--- Dataset section ---
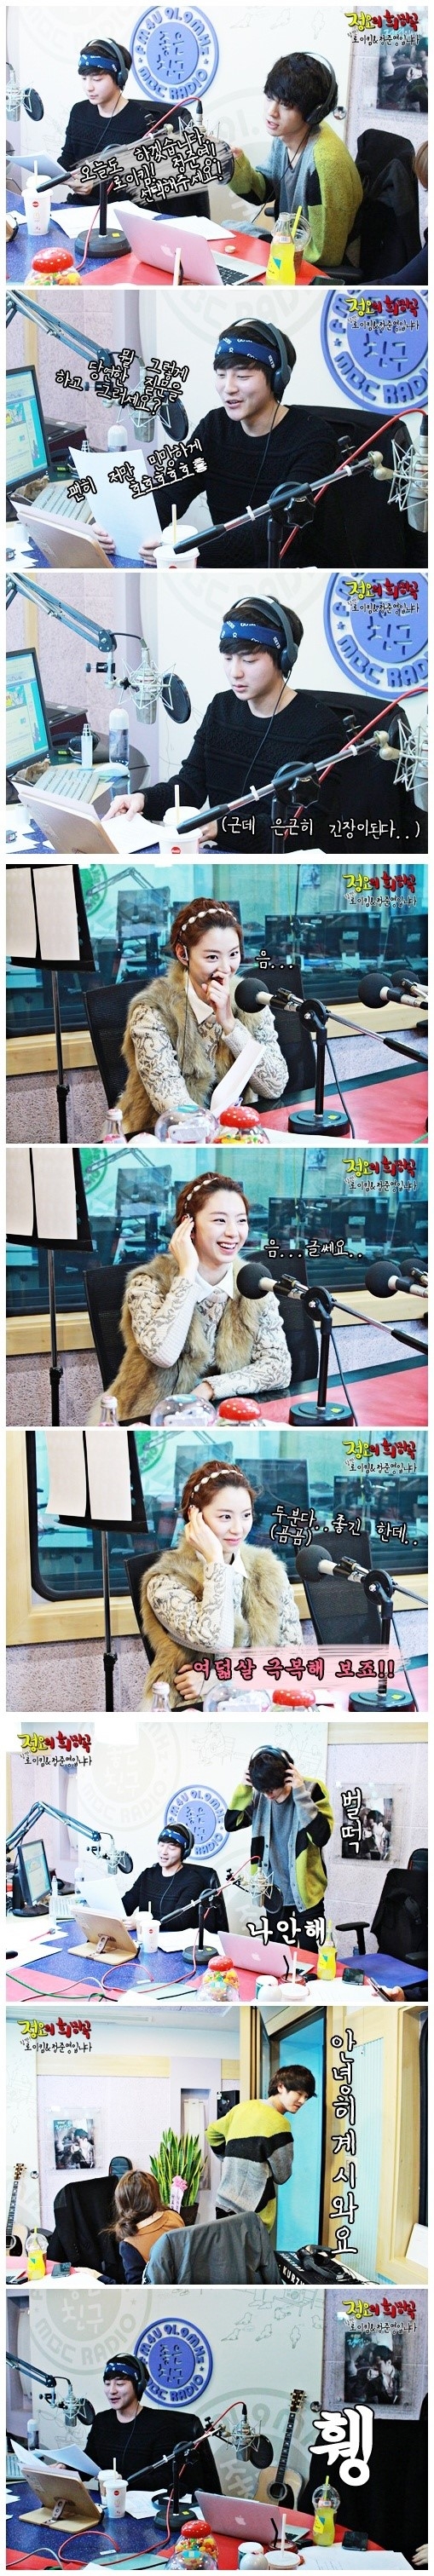 로이킴의 라디오 방송에 출연했던 박수진. / MBC 홈페이지
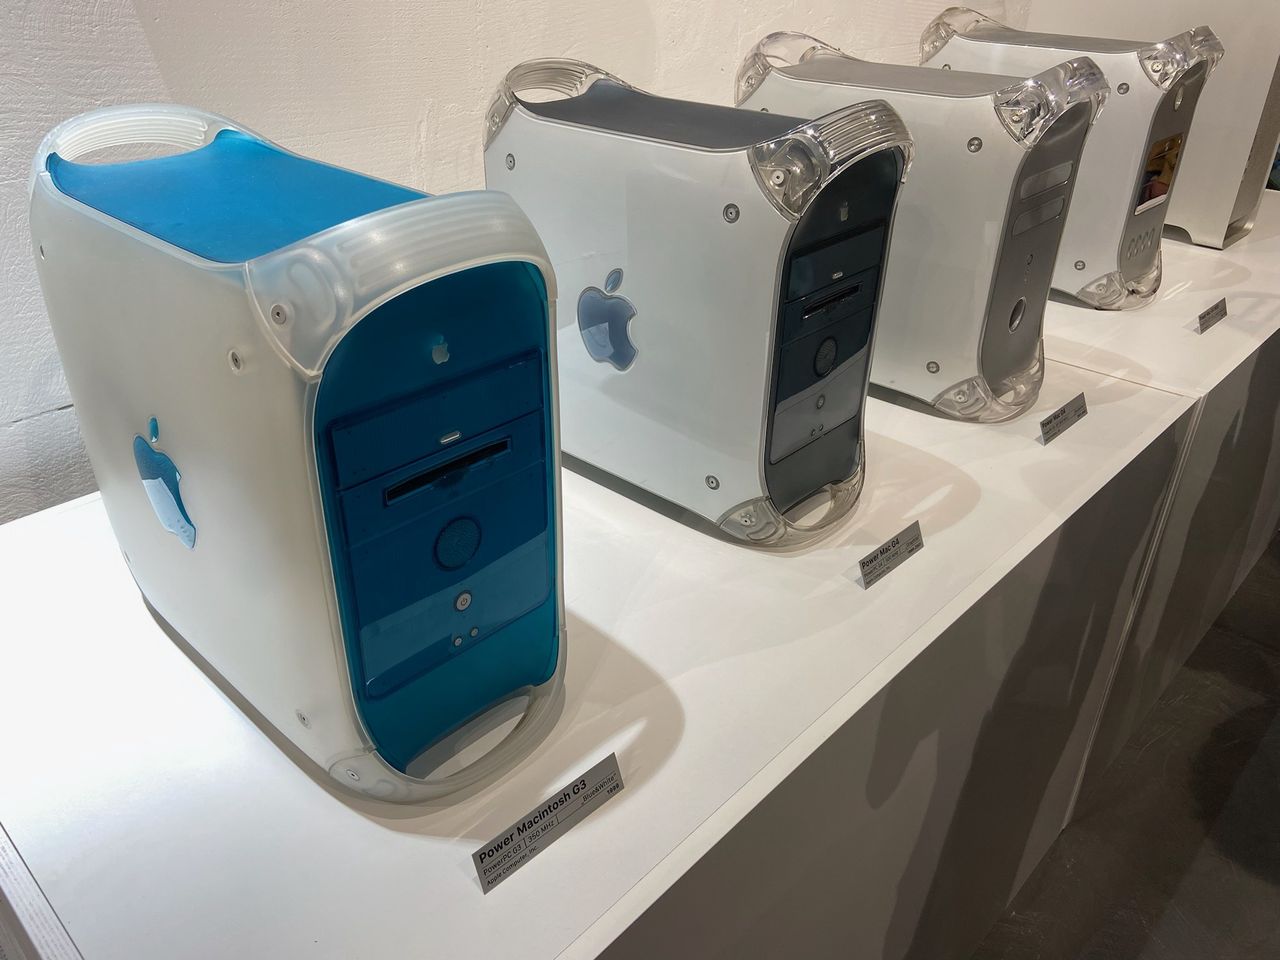 Kto nie marzył o Power Macintoshu?
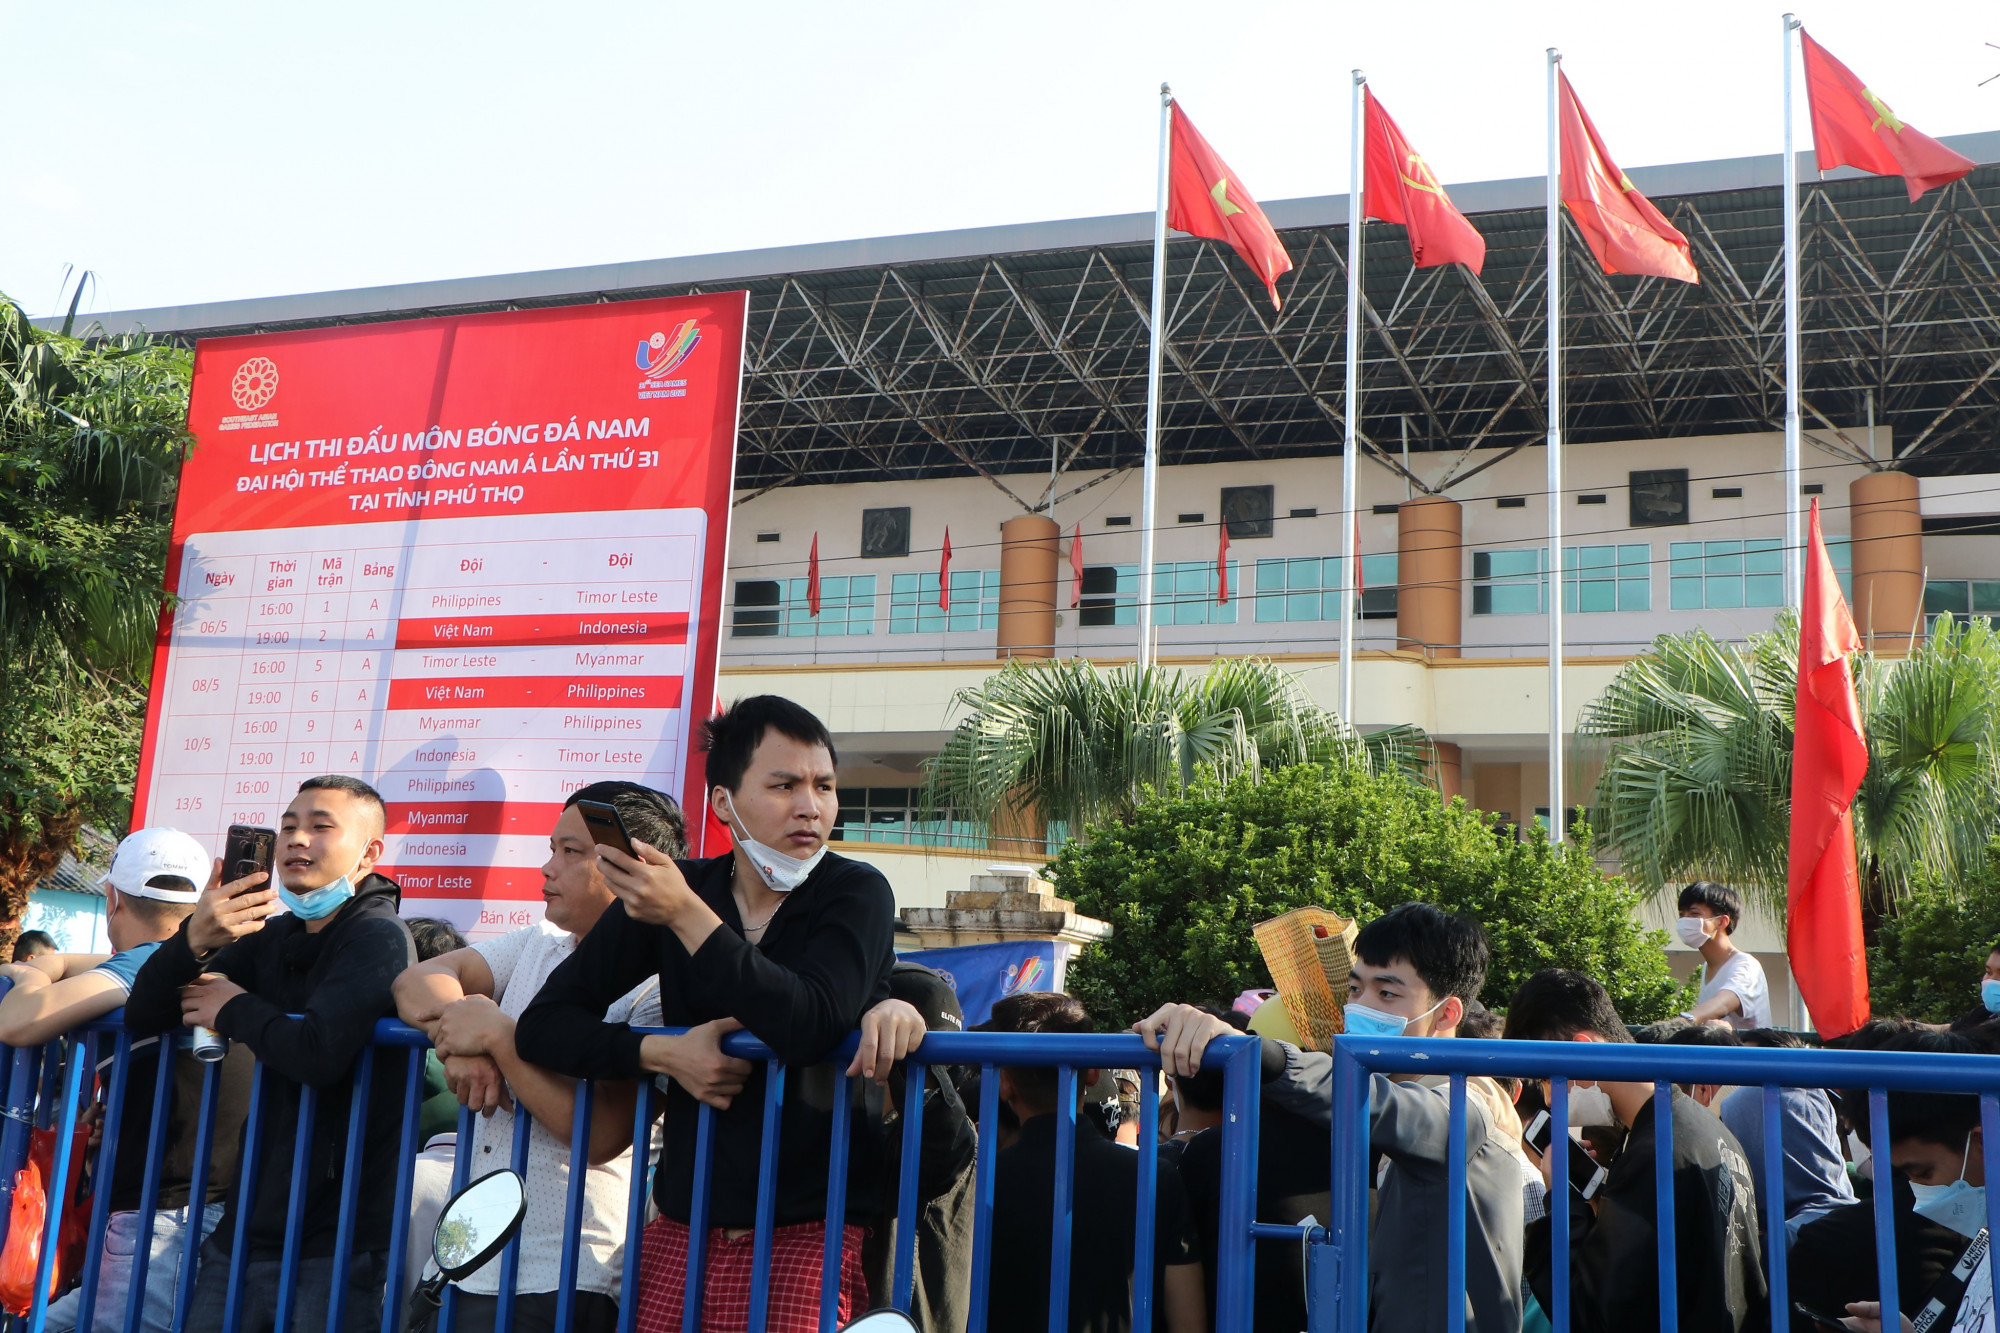 Ngay từ 5-6h sáng, đoàn người xếp hàng kéo dài bên ngoài khuôn viên SVĐ Việt Trì và Nhà thi đấu tỉnh Phú Thọ.
---
Required work:
Please give the data above again in exact form and omit every picture.

Exercise response:
 로이킴의 라디오 방송에 출연했던 박수진. / MBC 홈페이지
 Kto nie marzył o Power Macintoshu?
 Ngay từ 5-6h sáng, đoàn người xếp hàng kéo dài bên ngoài khuôn viên SVĐ Việt Trì và Nhà thi đấu tỉnh Phú Thọ.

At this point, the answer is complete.